● **RECORDS SUPPLIED**:
--*--
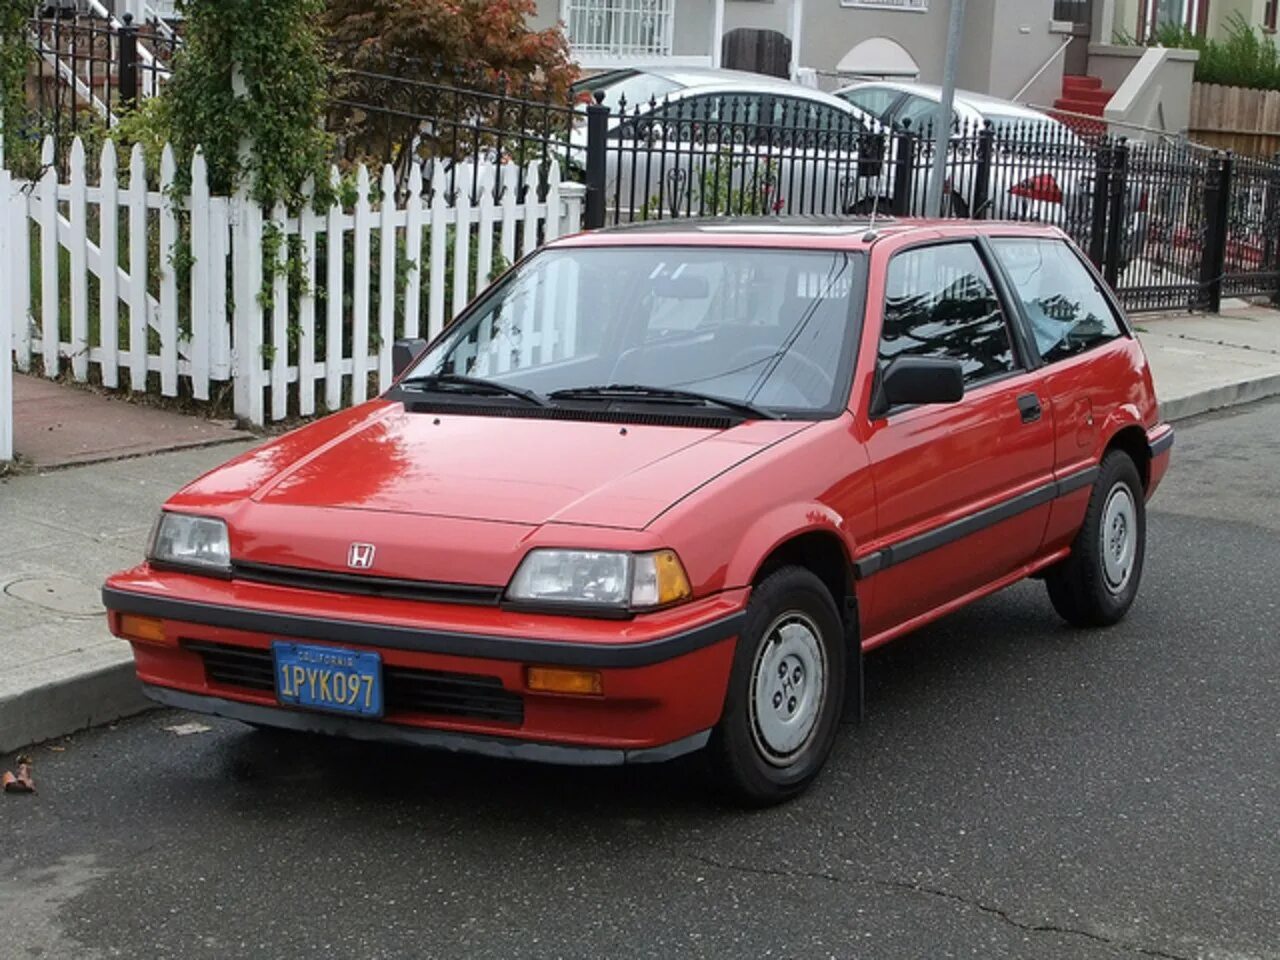 Хонда Цивик 1986. Хонда Цивик 1986 хэтчбек. Хонда Цивик 1986 года. Honda Civic 1985 хэтчбек. Хонда 1986
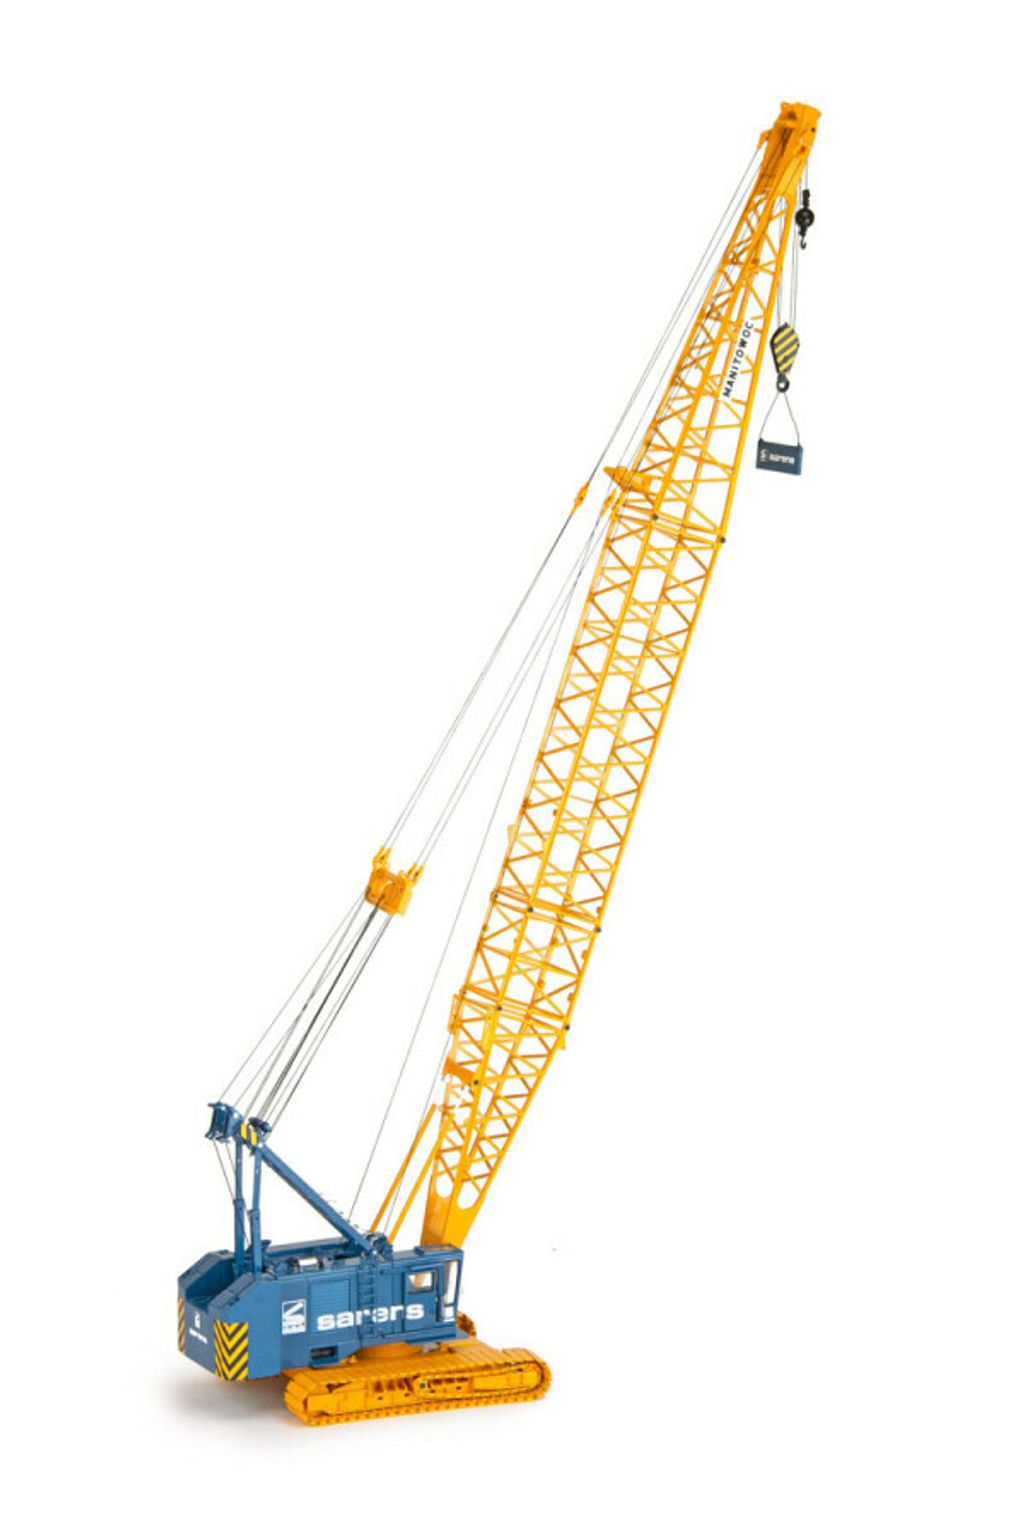 sarens-manitowoc-4100-crawler-crane (1)
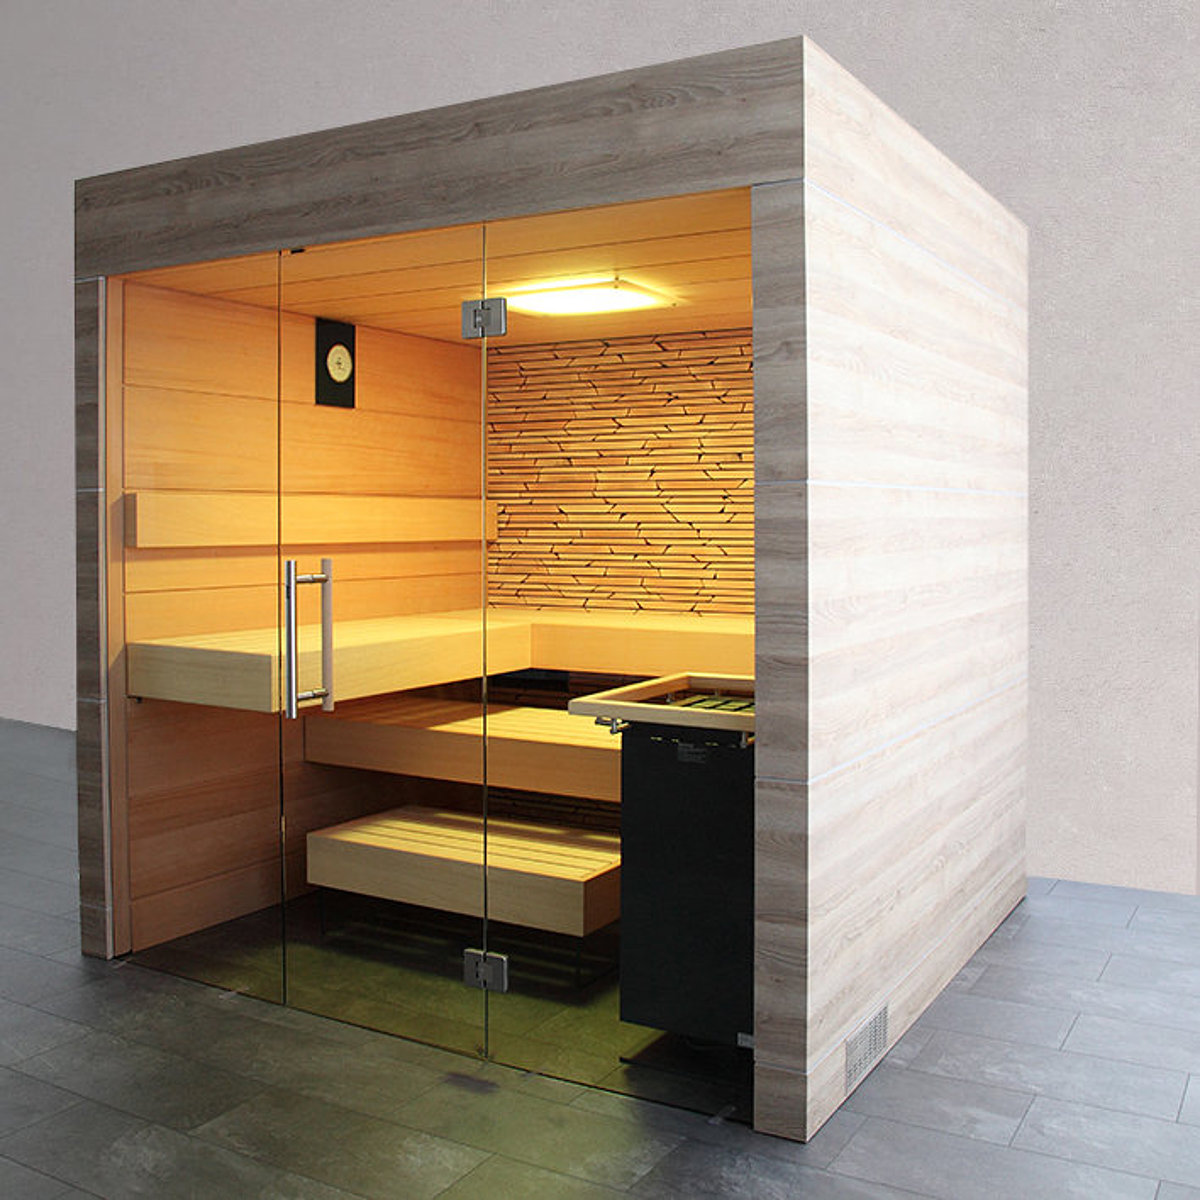 Eine Indoor-Sauna mit Dekorplatten und Beleuchtung.
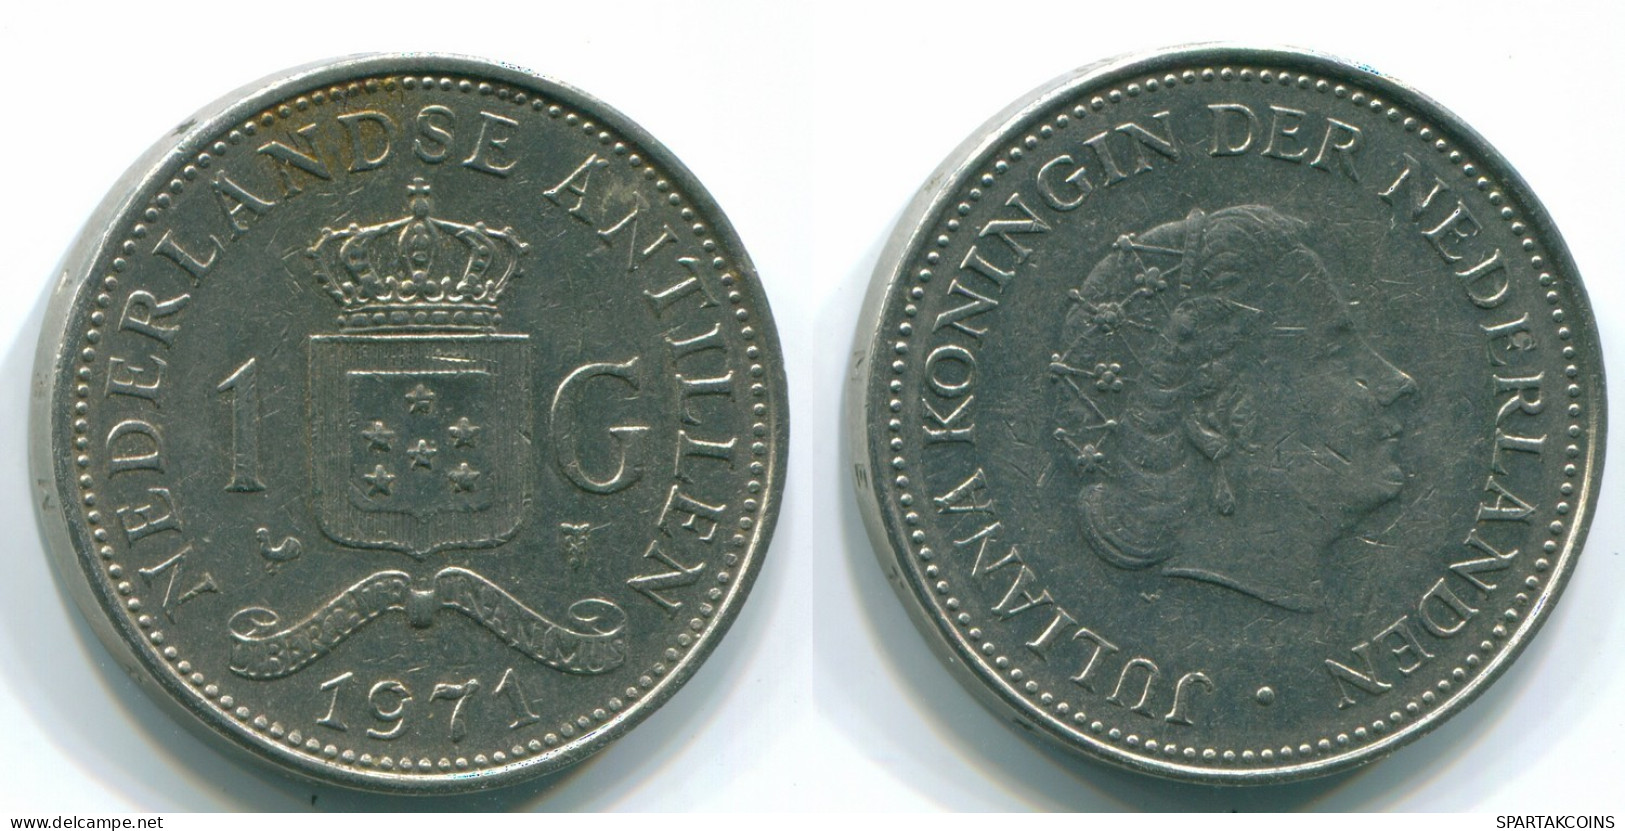 1 GULDEN 1971 NETHERLANDS ANTILLES Nickel Colonial Coin #S12012.U.A - Niederländische Antillen
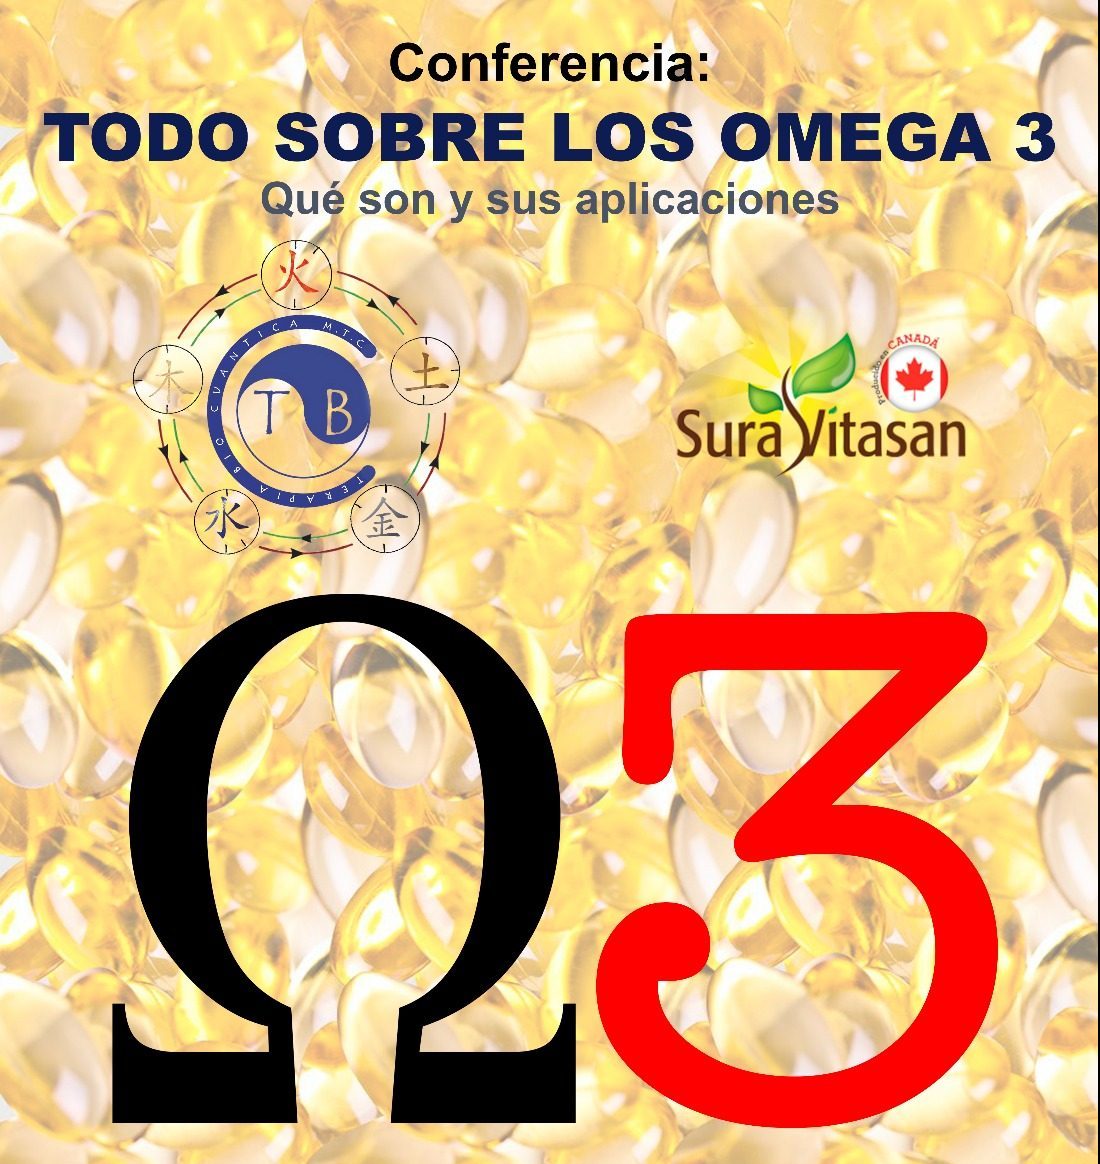 Todo sobre los Omega 3. Conferencia gratuita. 2 CONVOCATORIAS: 17:30h y 19h
--*--
● **EXERCISE AIM**: An exact copy of the whole listing is required, minus the pictures.

● **SOLUTION FOR THIS EXERCISE**:
 Хонда Цивик 1986. Хонда Цивик 1986 хэтчбек. Хонда Цивик 1986 года. Honda Civic 1985 хэтчбек. Хонда 1986
 sarens-manitowoc-4100-crawler-crane (1)
 Eine Indoor-Sauna mit Dekorplatten und Beleuchtung.
 1 GULDEN 1971 NETHERLANDS ANTILLES Nickel Colonial Coin #S12012.U.A - Niederländische Antillen
 Todo sobre los Omega 3. Conferencia gratuita. 2 CONVOCATORIAS: 17:30h y 19h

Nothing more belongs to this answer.